The time to first SRE between treatment groups was not statistically significantly different (HR = 1.06; 95% CI, 0.7-1.6). The mean skeletal morbidity rate was 0.46 events per year in the every-4-weeks group and 0.5 events per year in the every-12-weeks group.
The safety profiles in both groups were comparable; at least one adverse event occurred in 95.5% of patients (n = 189) in the every-4-weeks group and 93.4% of patients (n = 189) in the every-12-weeks group.
“It’s more convenient to have one IV drip every 12 weeks than every 4 weeks,” Hortobagyi said. “Consequently, there’s lower cost. Another advantage is lower probability of long-term complications, such as osteonecrosis of the jaw, atypical long-bone fractures and renal dysfunction. Although these are relatively uncommon, they can be severe and disabling.”
These results support previous findings that showed after 1 year of bisphosphonate therapy, less frequent administration shows similar efficacy as monthly doses, Hortobagyi added.
“We have additional questions about optimal dose and schedule of administration of zoledronic acid that need to be addressed by future research,” Hortobagyi said.
Researchers noted that after discussions with the FDA, no changes are anticipated in the zoledronic acid label.
“These two studies give us confidence that these results are real and applicable today,” Hortobagyi said.

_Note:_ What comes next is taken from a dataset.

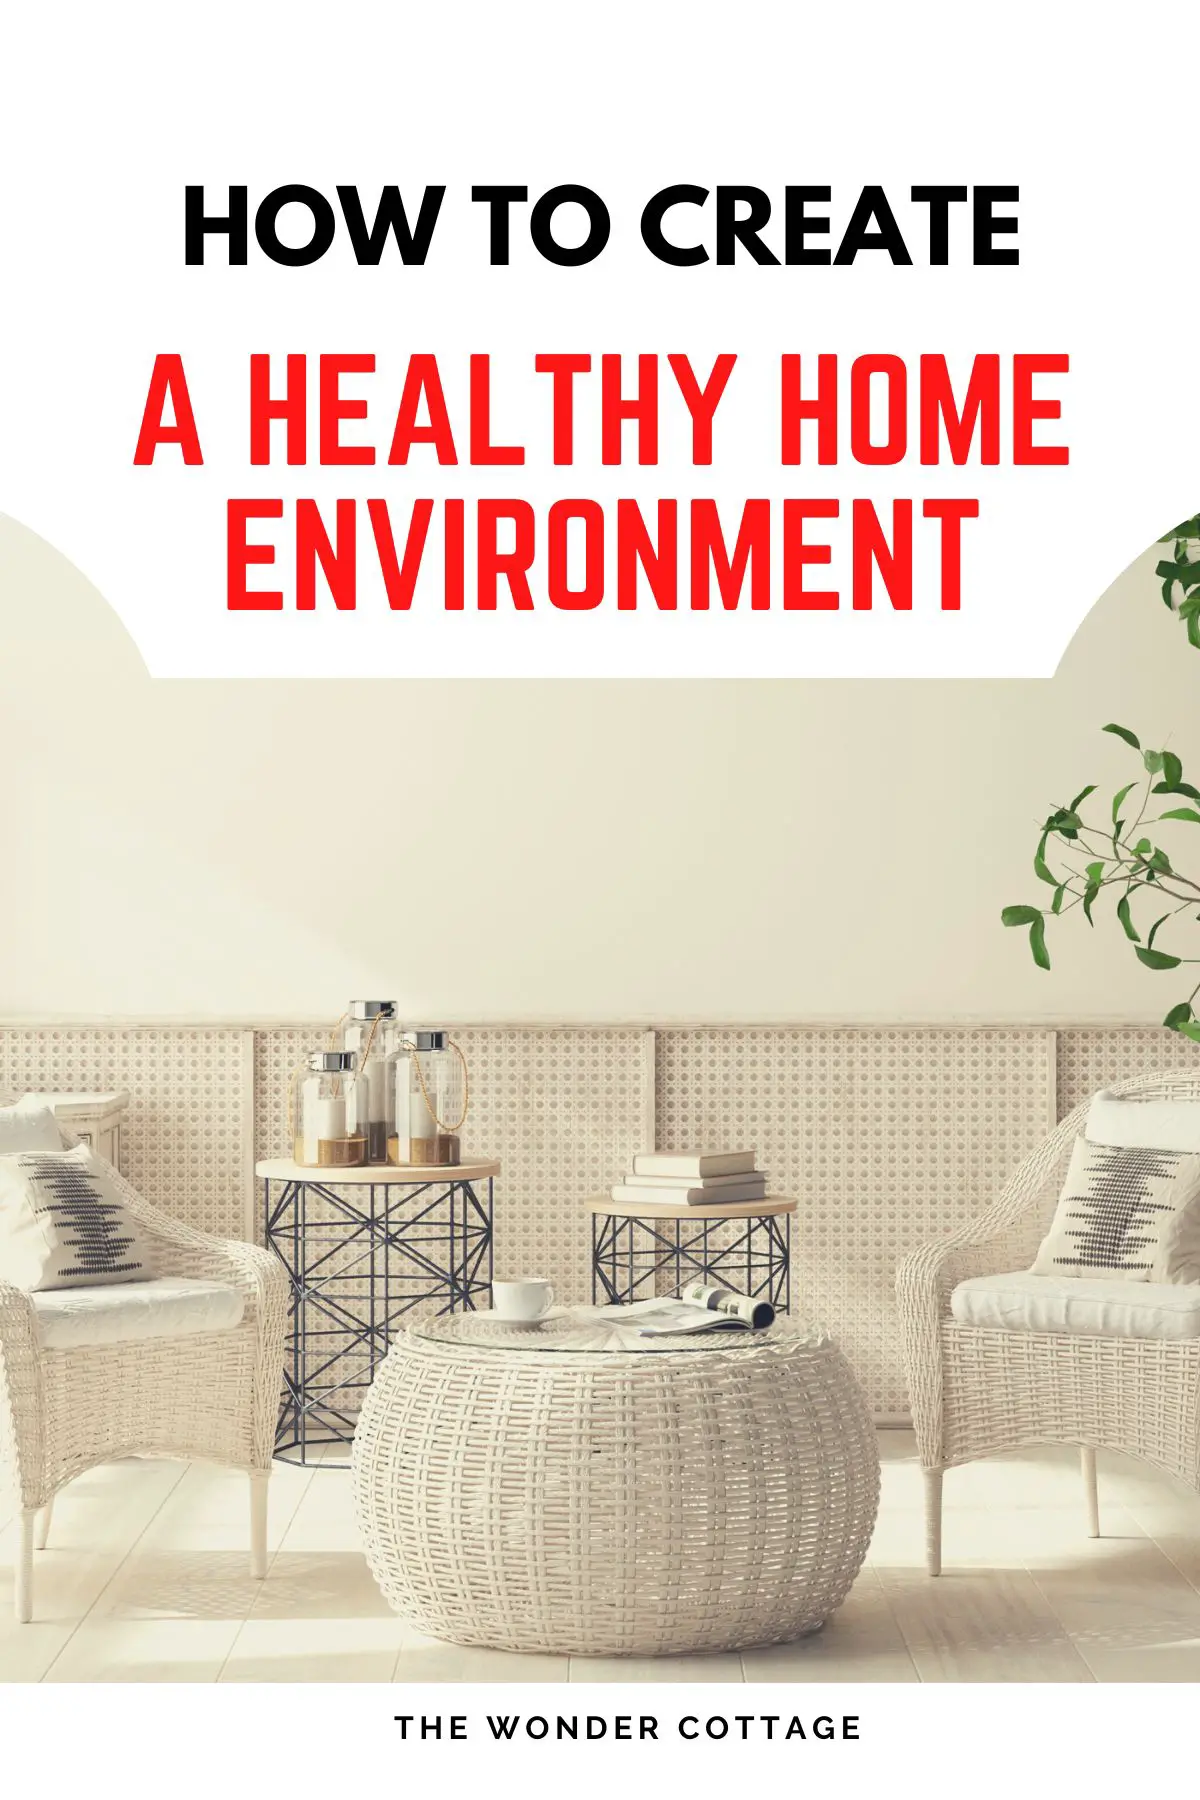 How to create a healthy home environment

Multiple studies have shown a less intense schedule of zoledronic acid appears safe and maintains its efficacy in reducing the rate of SRE, Monica N. Fornier, MD, medical oncologist specializing in breast carcinoma at Memorial Sloan Kettering Cancer Center, wrote in an accompanying editorial.
“Based on these trials, clinicians treating patients with metastatic disease to bones with zoledronic acid should consider the 3-months dosing schedule, which has less effect on the quality of life of patients in the palliative setting of metastatic disease, reduced cost, and maintains efficacy,” Fornier wrote. – by Chuck Gormley
For more information:
Gabriel N. Hortobagyi, MD, FACP, can be reached at Department of Breast Medical Oncology, The University of Texas MD Anderson Cancer Center, 1515 Holcombe Blvd., Houston TX 77030; email: ghortoba@mdanderson.org.
Disclosure: Hortobagyi reports consultant/advisory roles with Bayer, Celgene, Hoffman-La Roche, Lilly, Merck and Pfizer. Please see the full study for a list of all researchers’ relevant financial disclosures. Fornier reports no relevant financial disclosures.